■ INFORMATION SHOWN:

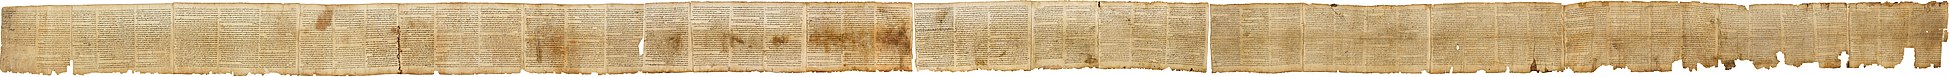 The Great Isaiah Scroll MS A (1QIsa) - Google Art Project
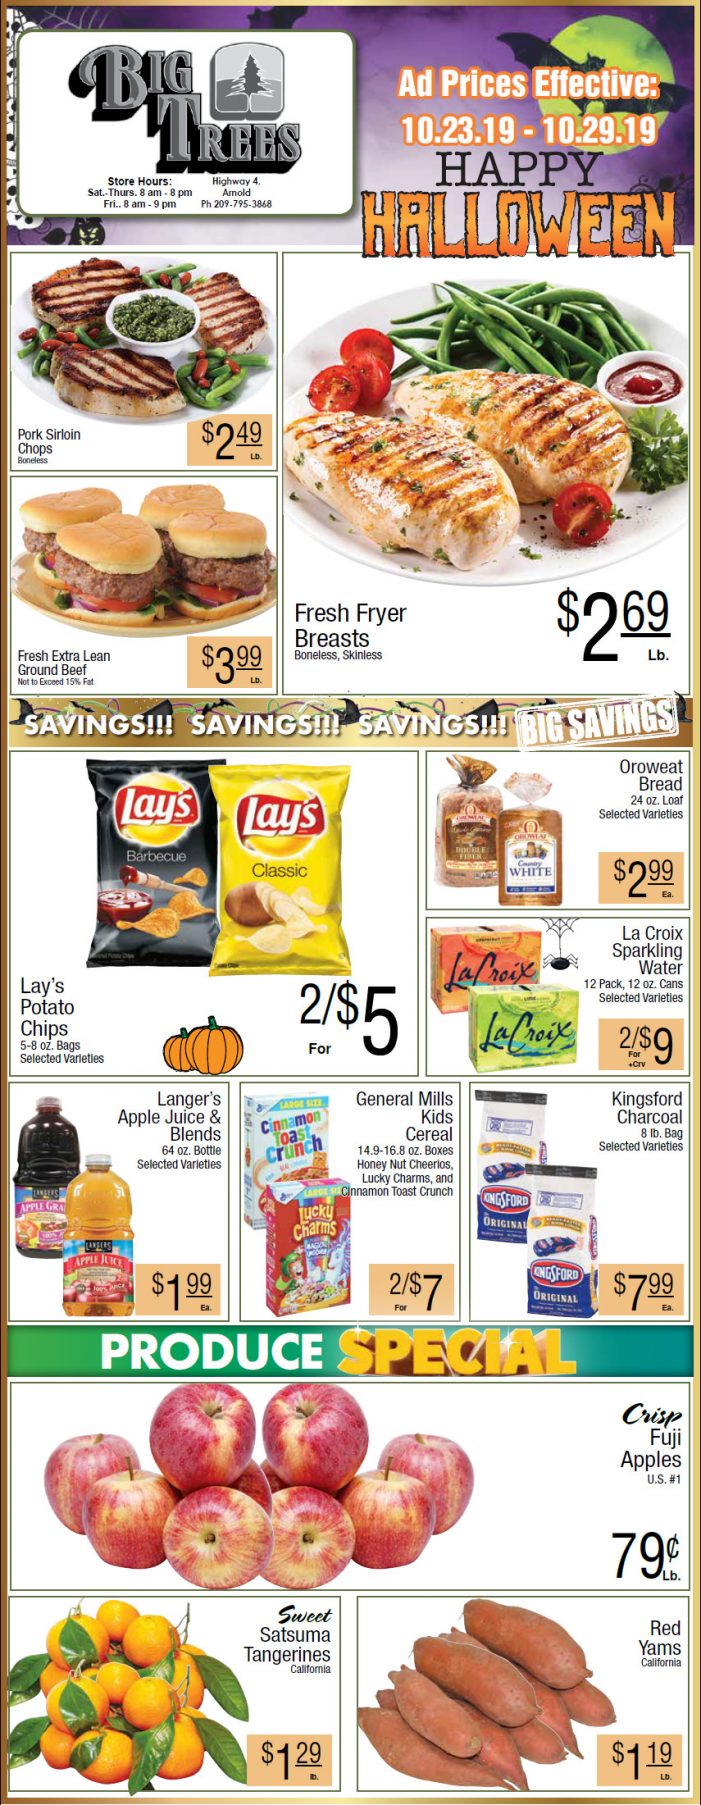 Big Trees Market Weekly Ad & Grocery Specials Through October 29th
* * *
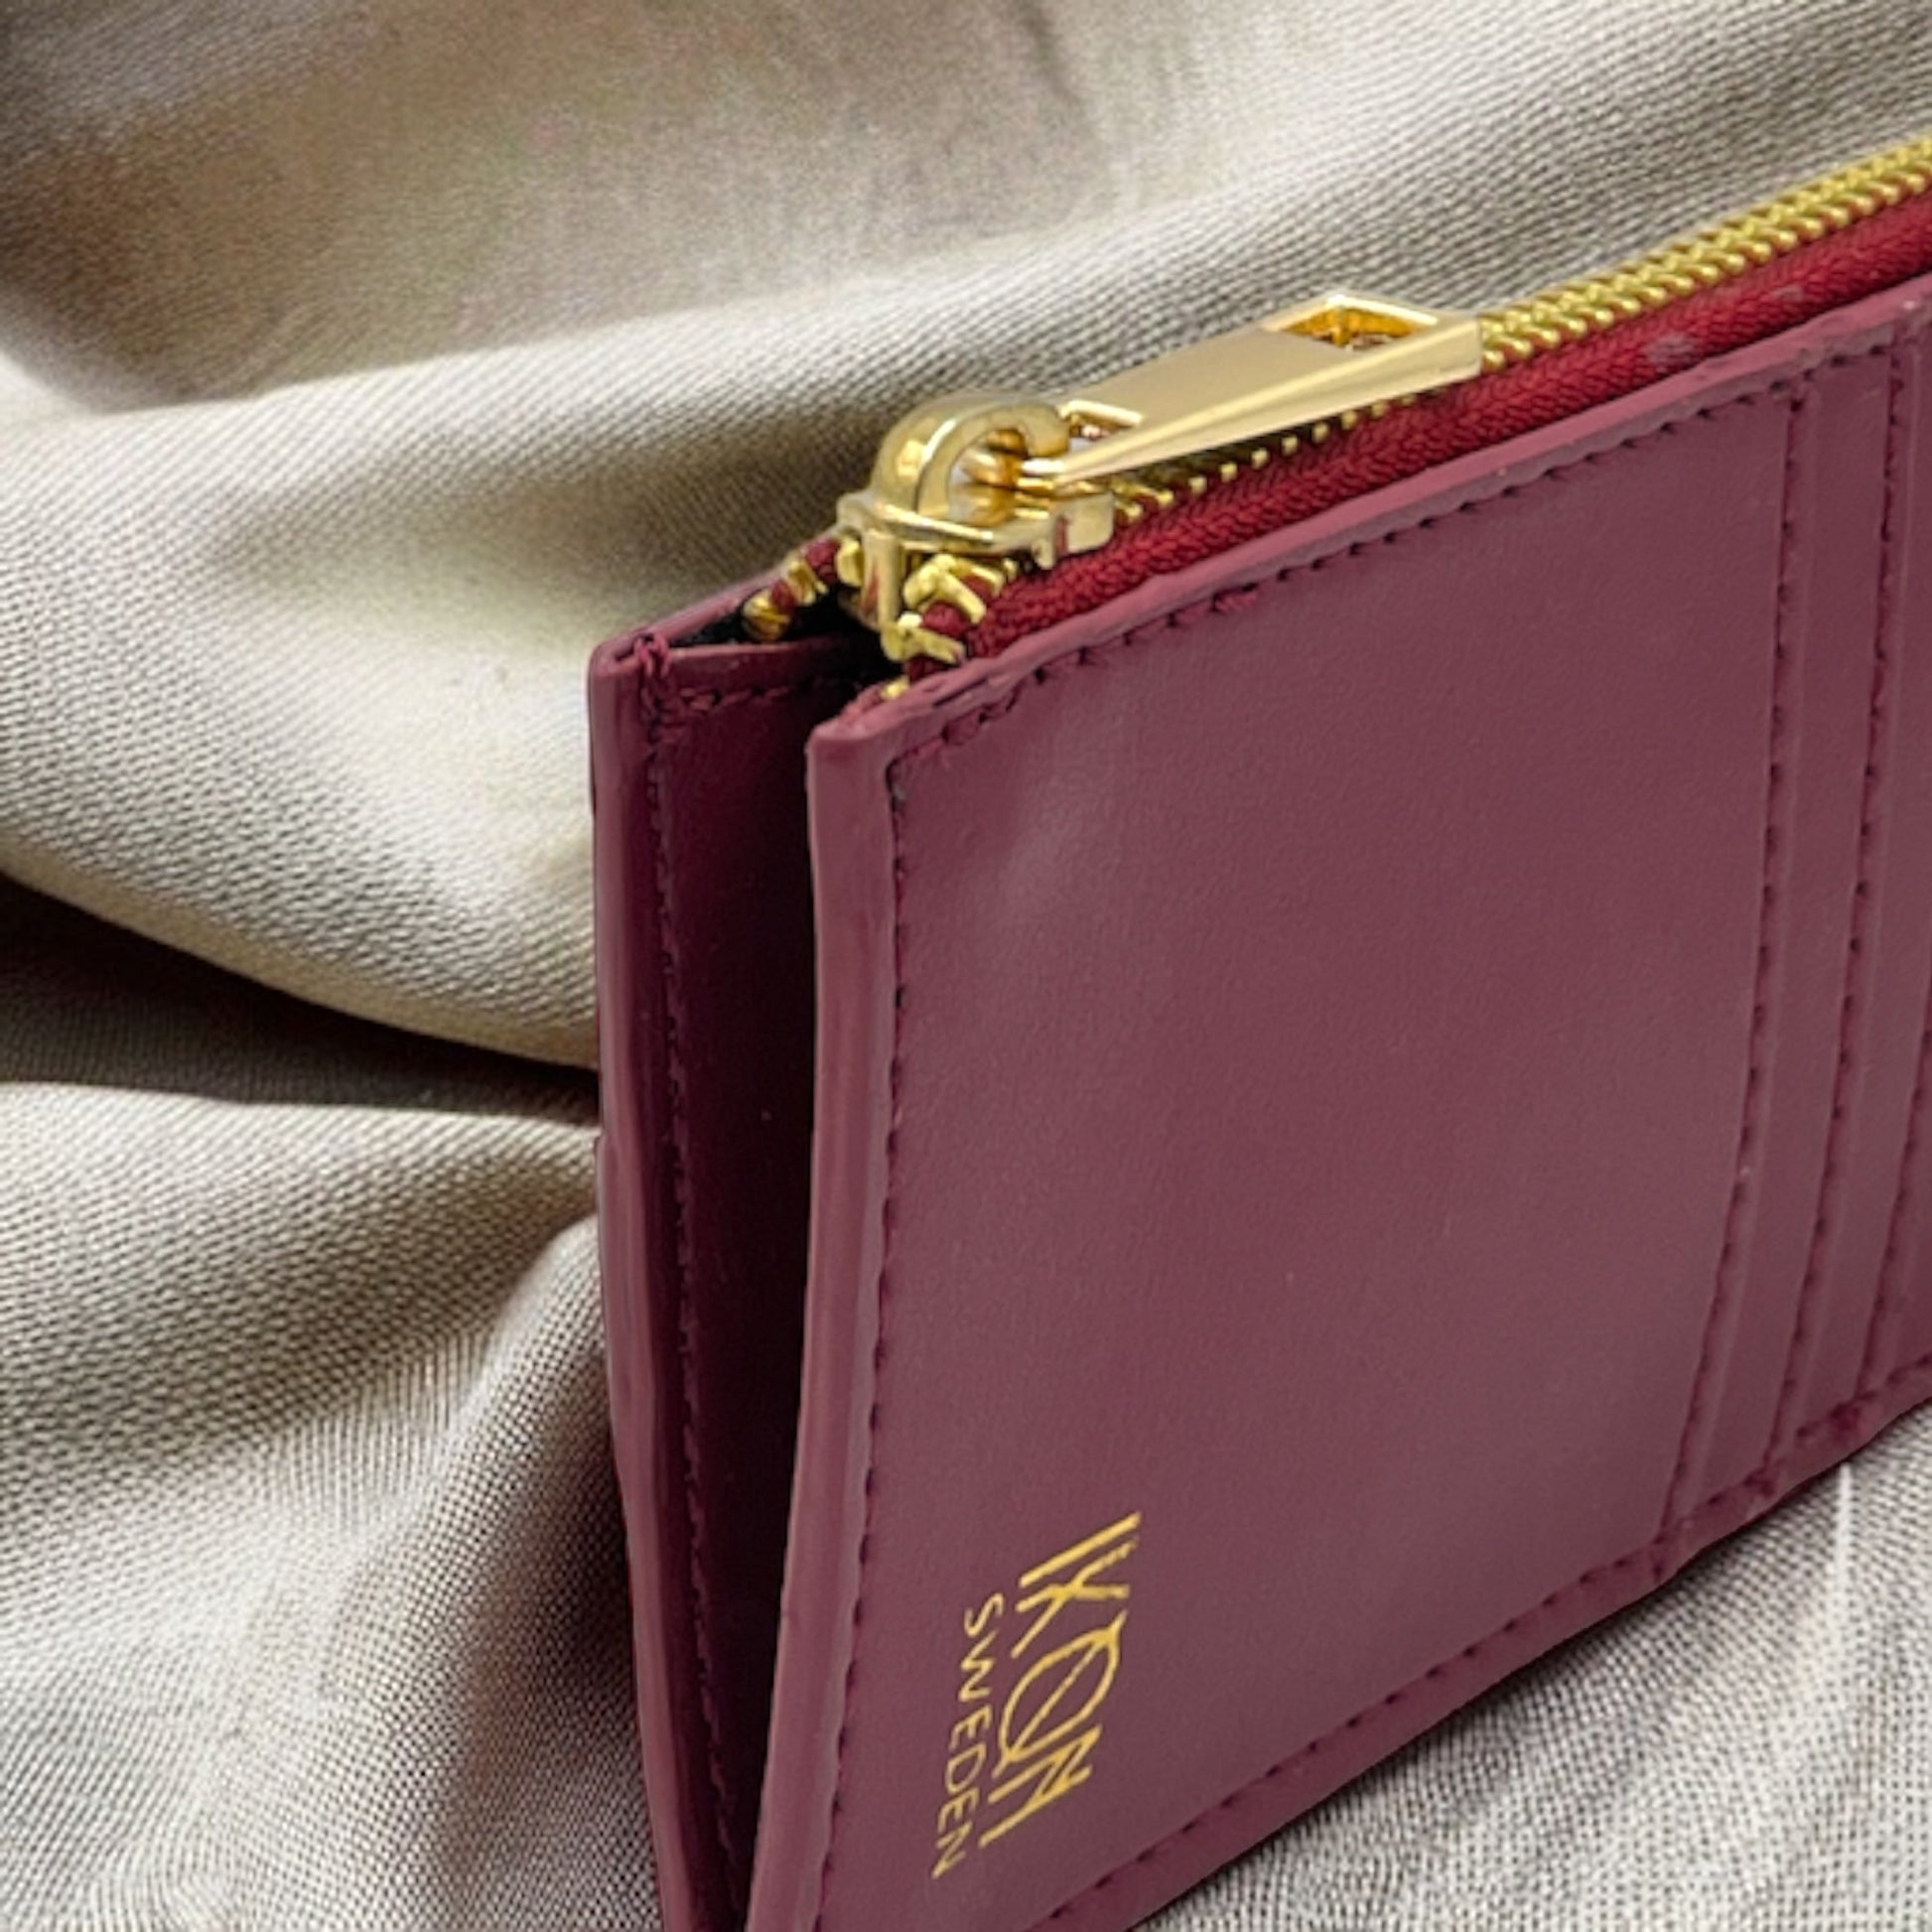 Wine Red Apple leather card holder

■ WORK TASK: Starting with the line above that holds "The Great Isaiah", restate each line word for word up to and including the line that holds "Big Trees Market". Drop the pictures.

■ EXPECTED OUTPUT:
 The Great Isaiah Scroll MS A (1QIsa) - Google Art Project
 Big Trees Market Weekly Ad & Grocery Specials Through October 29th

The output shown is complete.